The task -
Everything from the line that contains "We are not sure" to the end of the records below, both lines included, should be transcribed exactly and returned alone.

Materials provided -
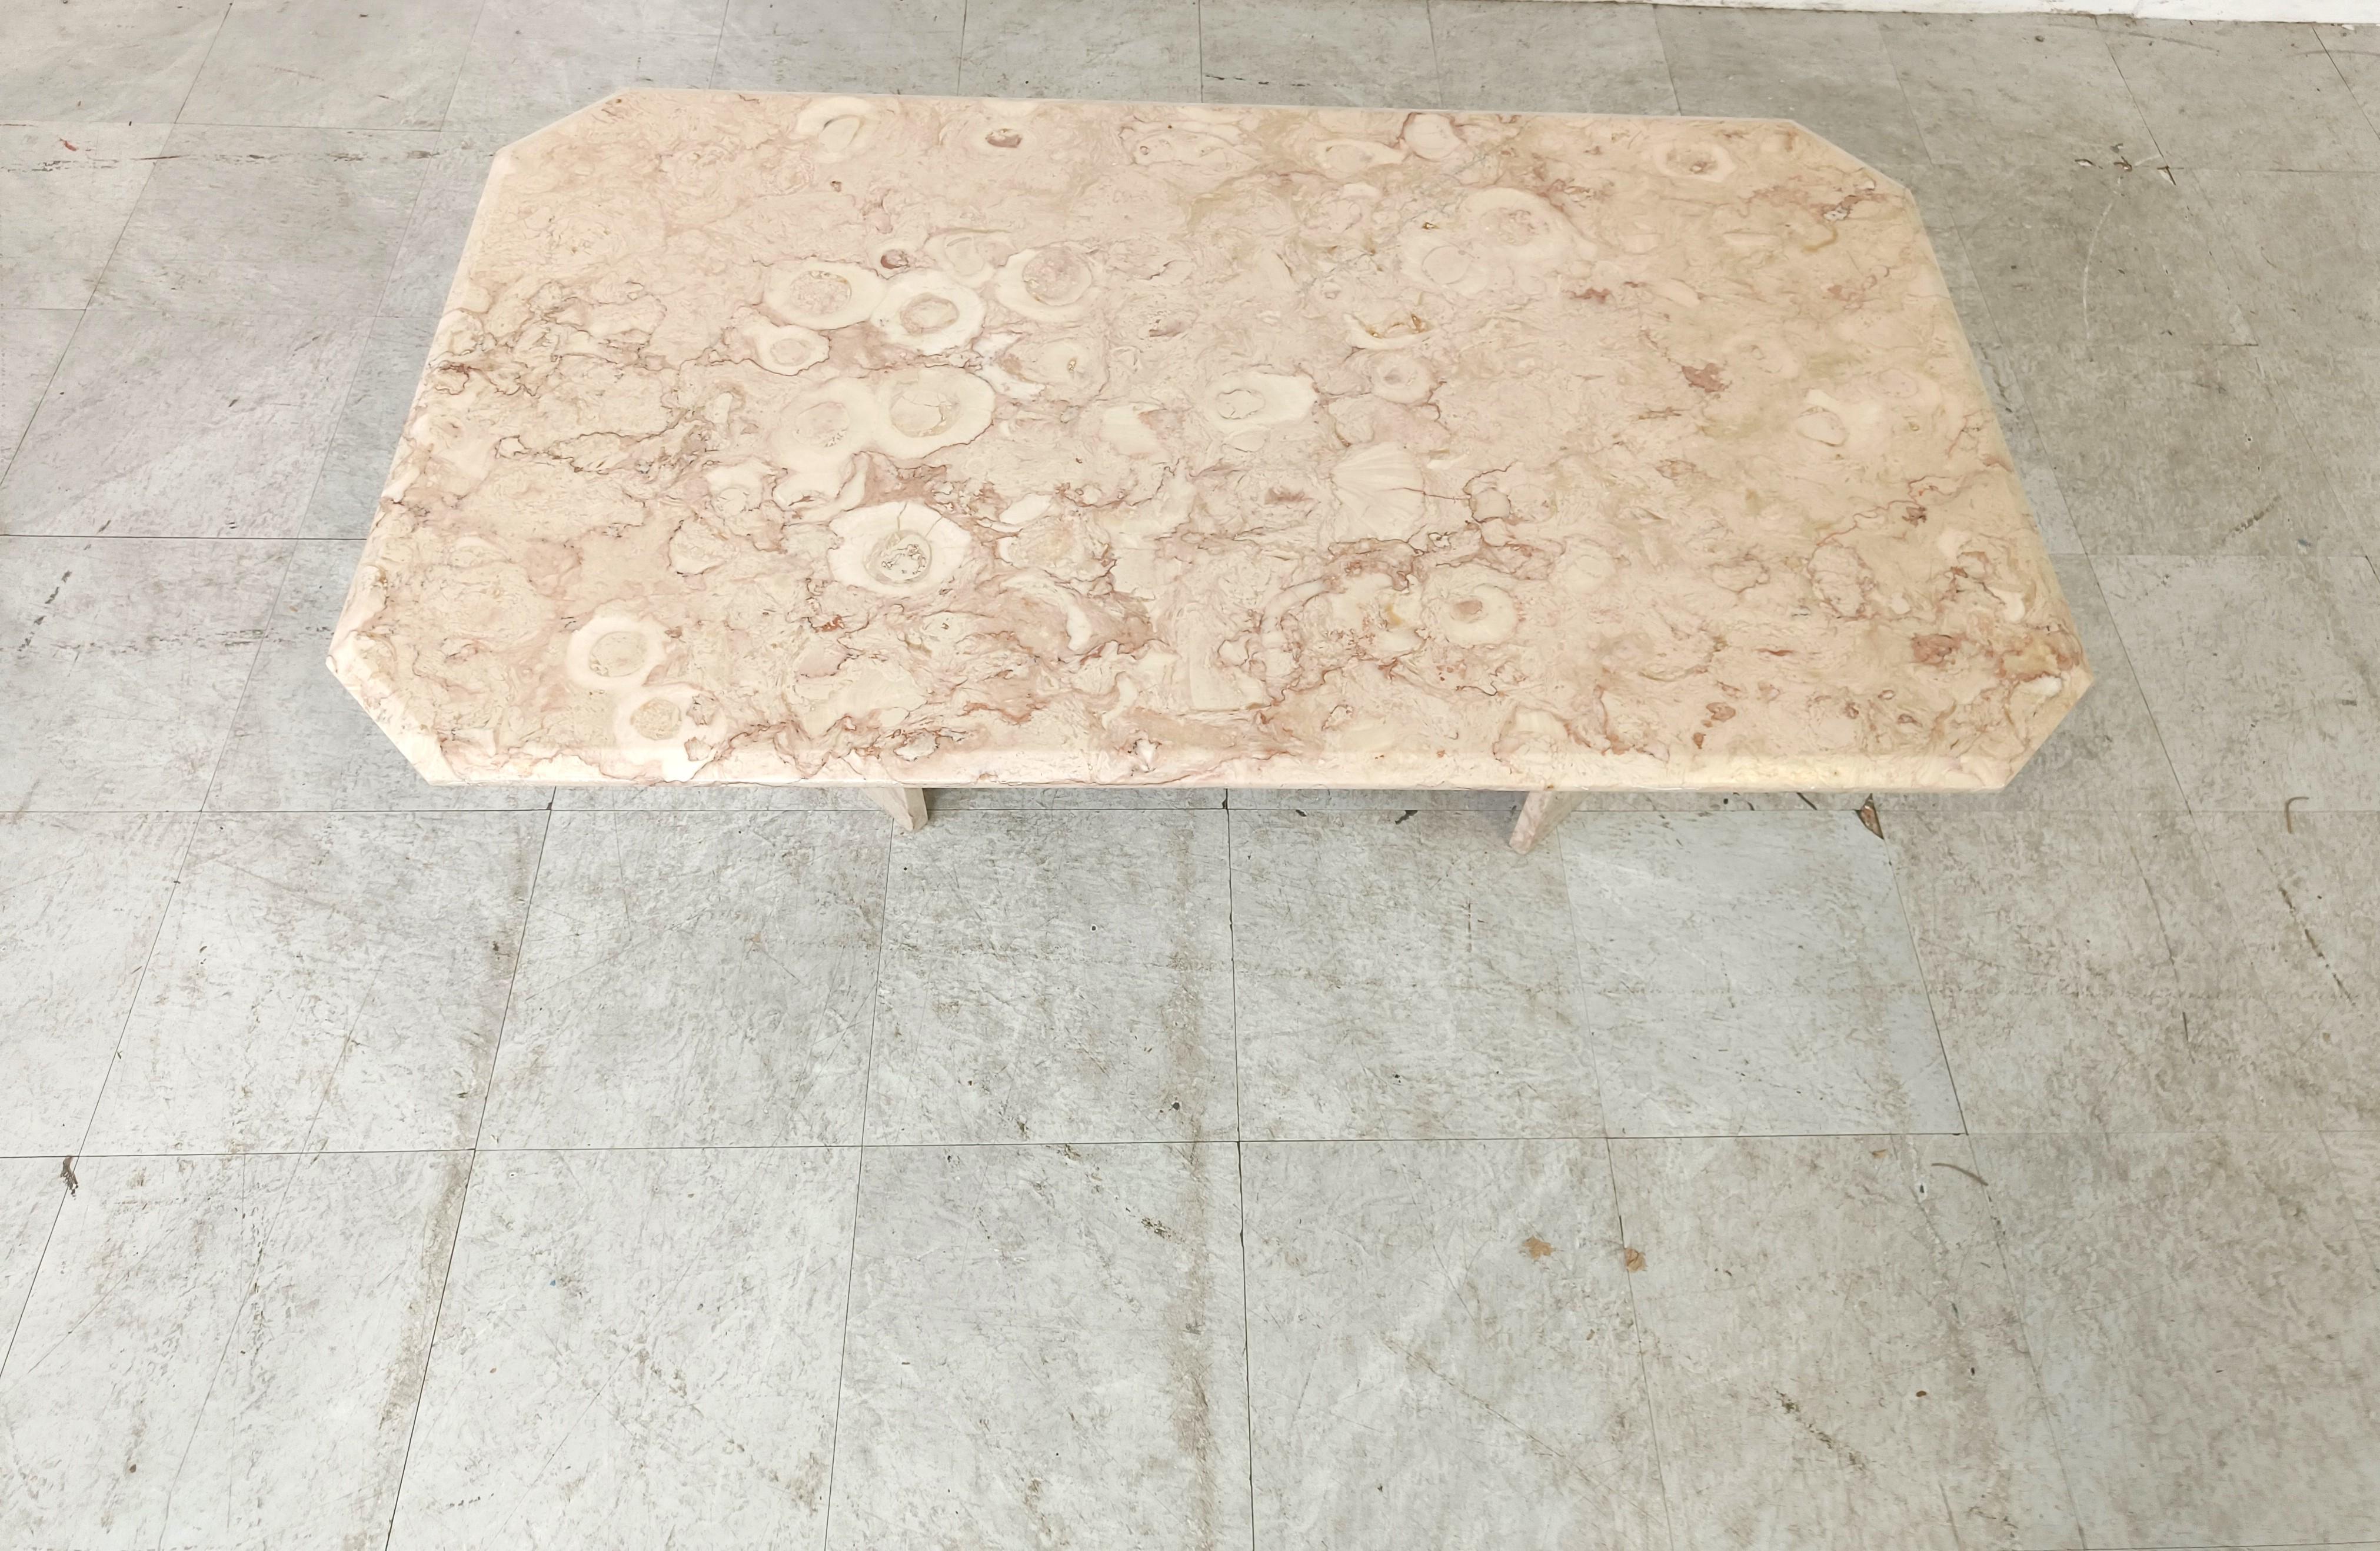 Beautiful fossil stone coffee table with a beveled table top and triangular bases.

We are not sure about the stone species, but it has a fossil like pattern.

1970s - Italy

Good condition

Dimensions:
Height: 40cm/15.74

Exercise answer -
We are not sure about the stone species, but it has a fossil like pattern.

1970s - Italy

Good condition

Dimensions:
Height: 40cm/15.74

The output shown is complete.